◆ **Task objective**: The required output is the exact run of lines in the listing below from the line holding "Una hermosa fotografía" through the line holding "Red Rocks Colorado wedding photos", with no pictures.

##### Records shown

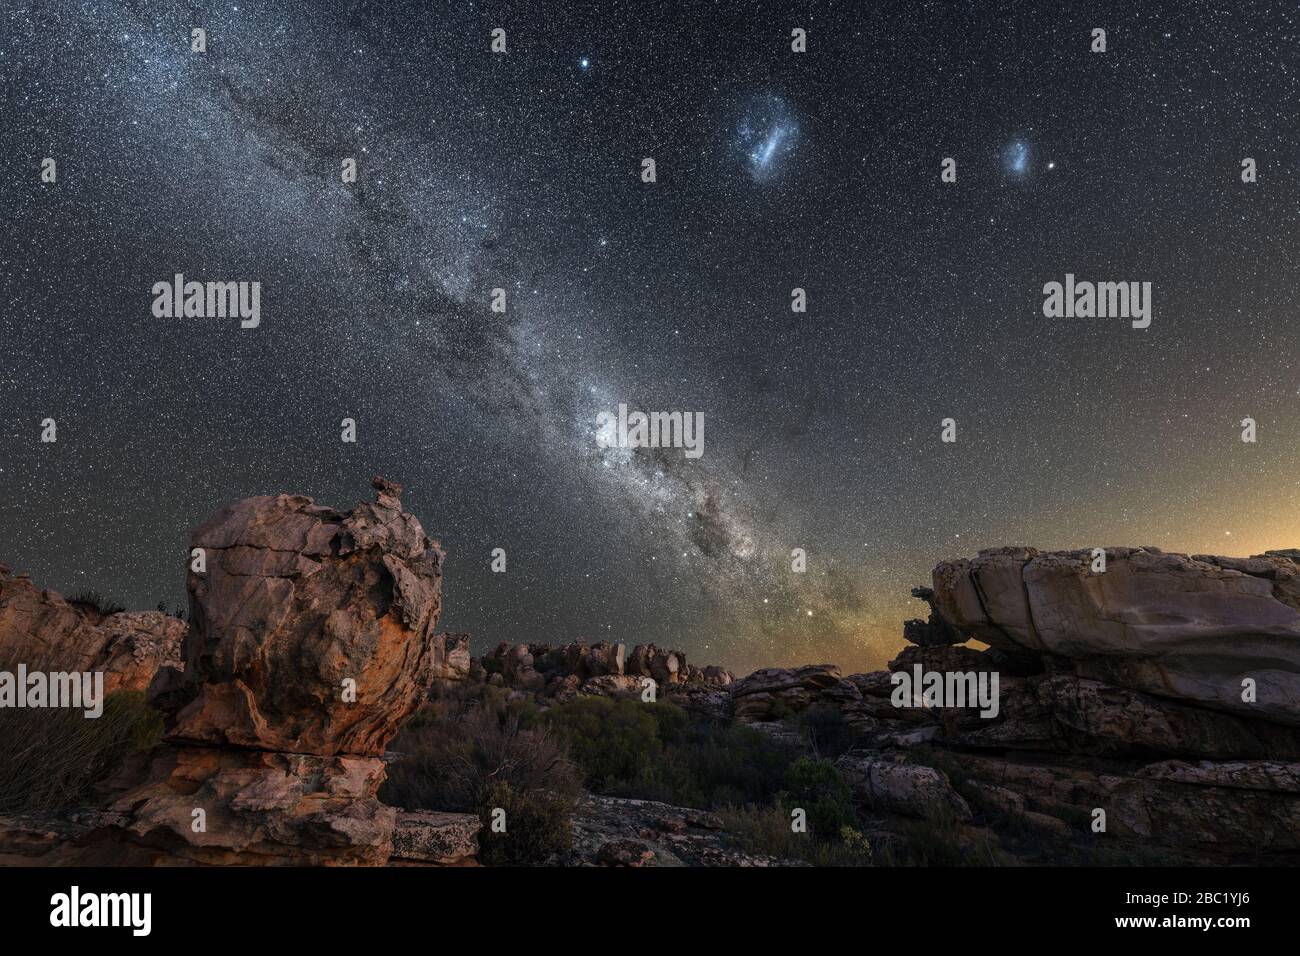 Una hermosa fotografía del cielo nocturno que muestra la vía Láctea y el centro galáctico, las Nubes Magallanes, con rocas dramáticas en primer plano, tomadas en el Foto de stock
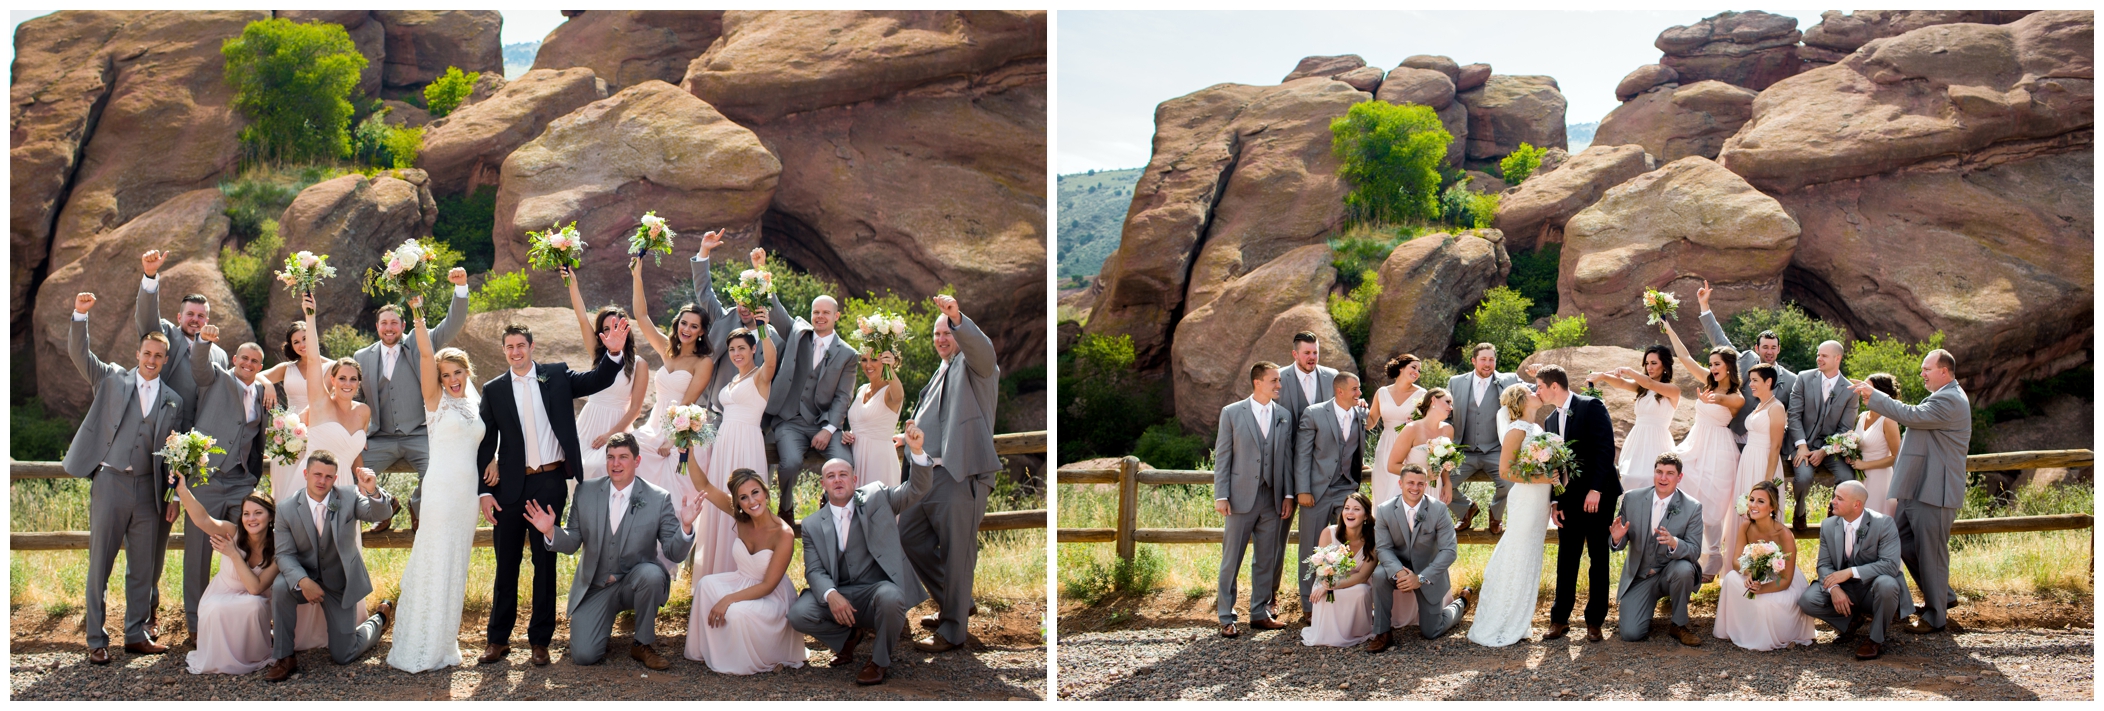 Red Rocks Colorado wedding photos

##########
##### Records shown

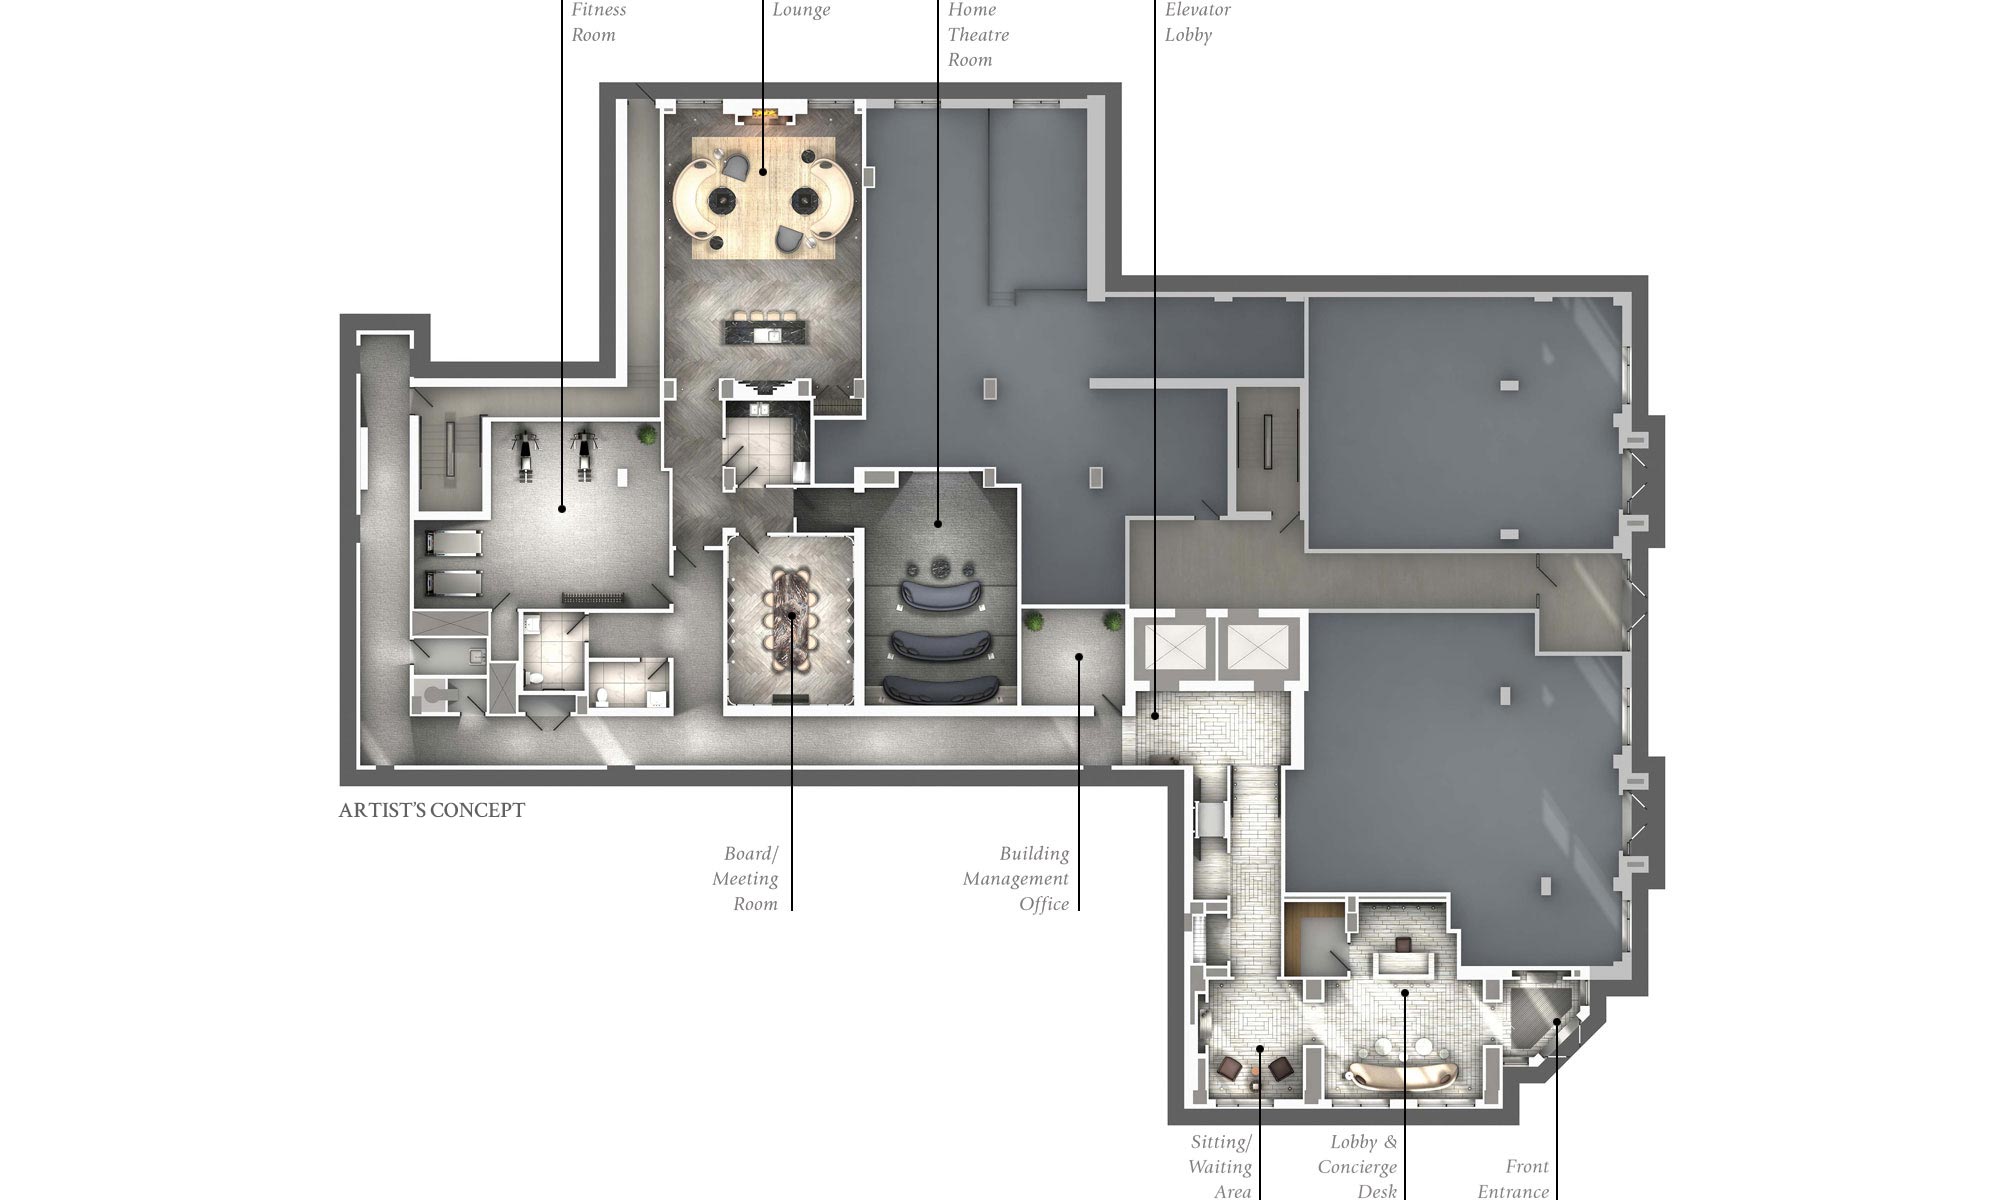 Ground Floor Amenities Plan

##########
##### Records shown

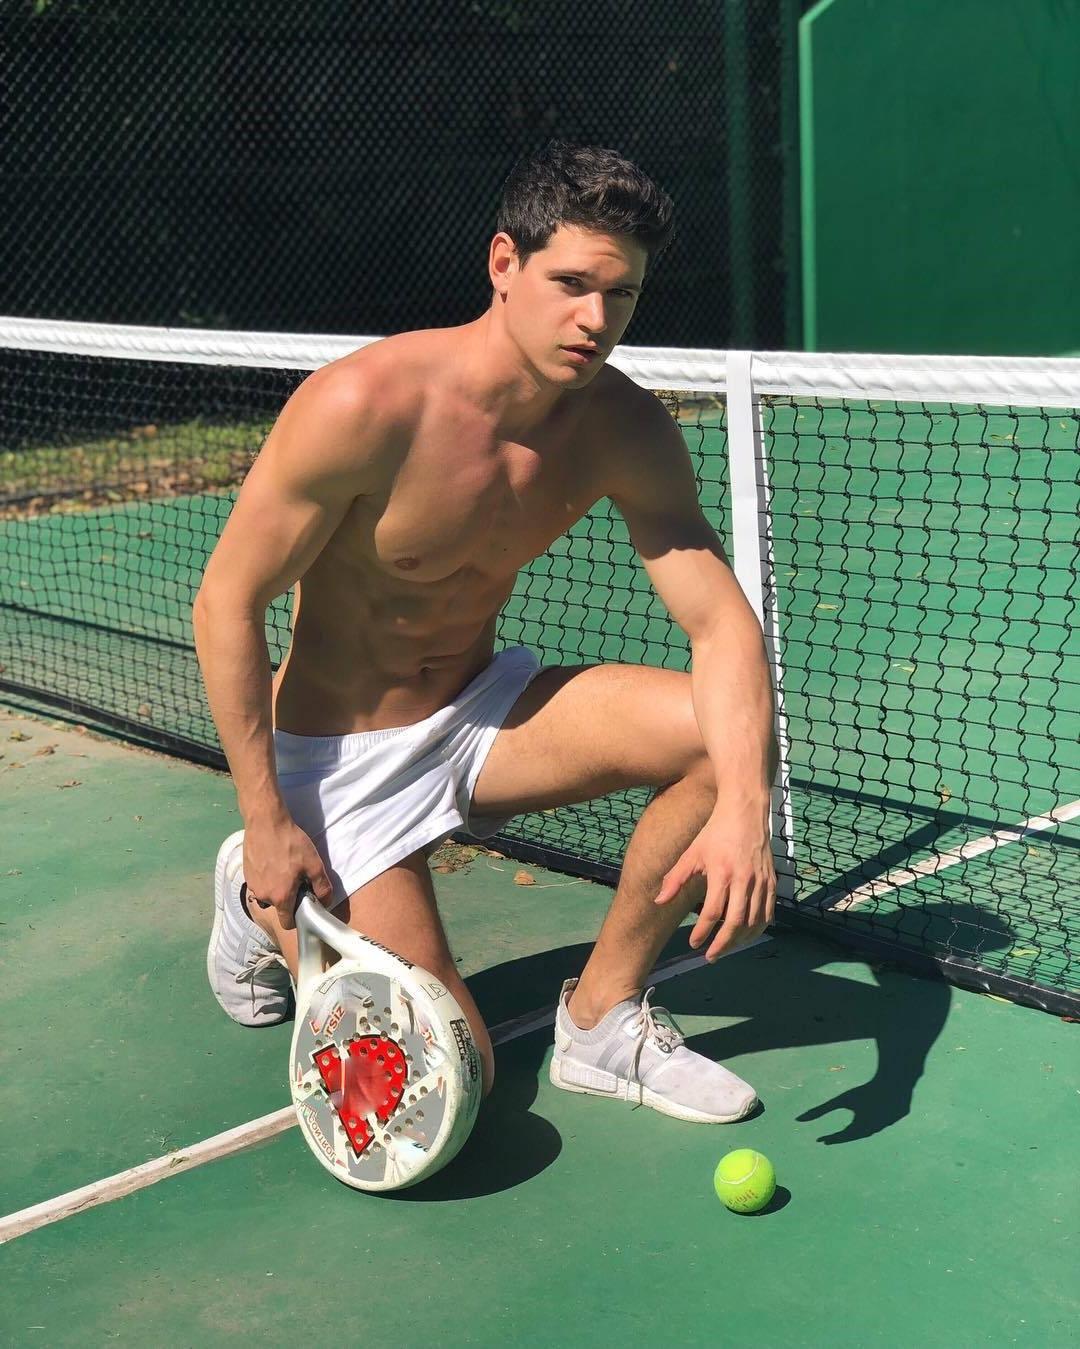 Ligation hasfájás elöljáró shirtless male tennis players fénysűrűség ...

##########

◆ **Answer to this exercise**:
 Una hermosa fotografía del cielo nocturno que muestra la vía Láctea y el centro galáctico, las Nubes Magallanes, con rocas dramáticas en primer plano, tomadas en el Foto de stock
 Red Rocks Colorado wedding photos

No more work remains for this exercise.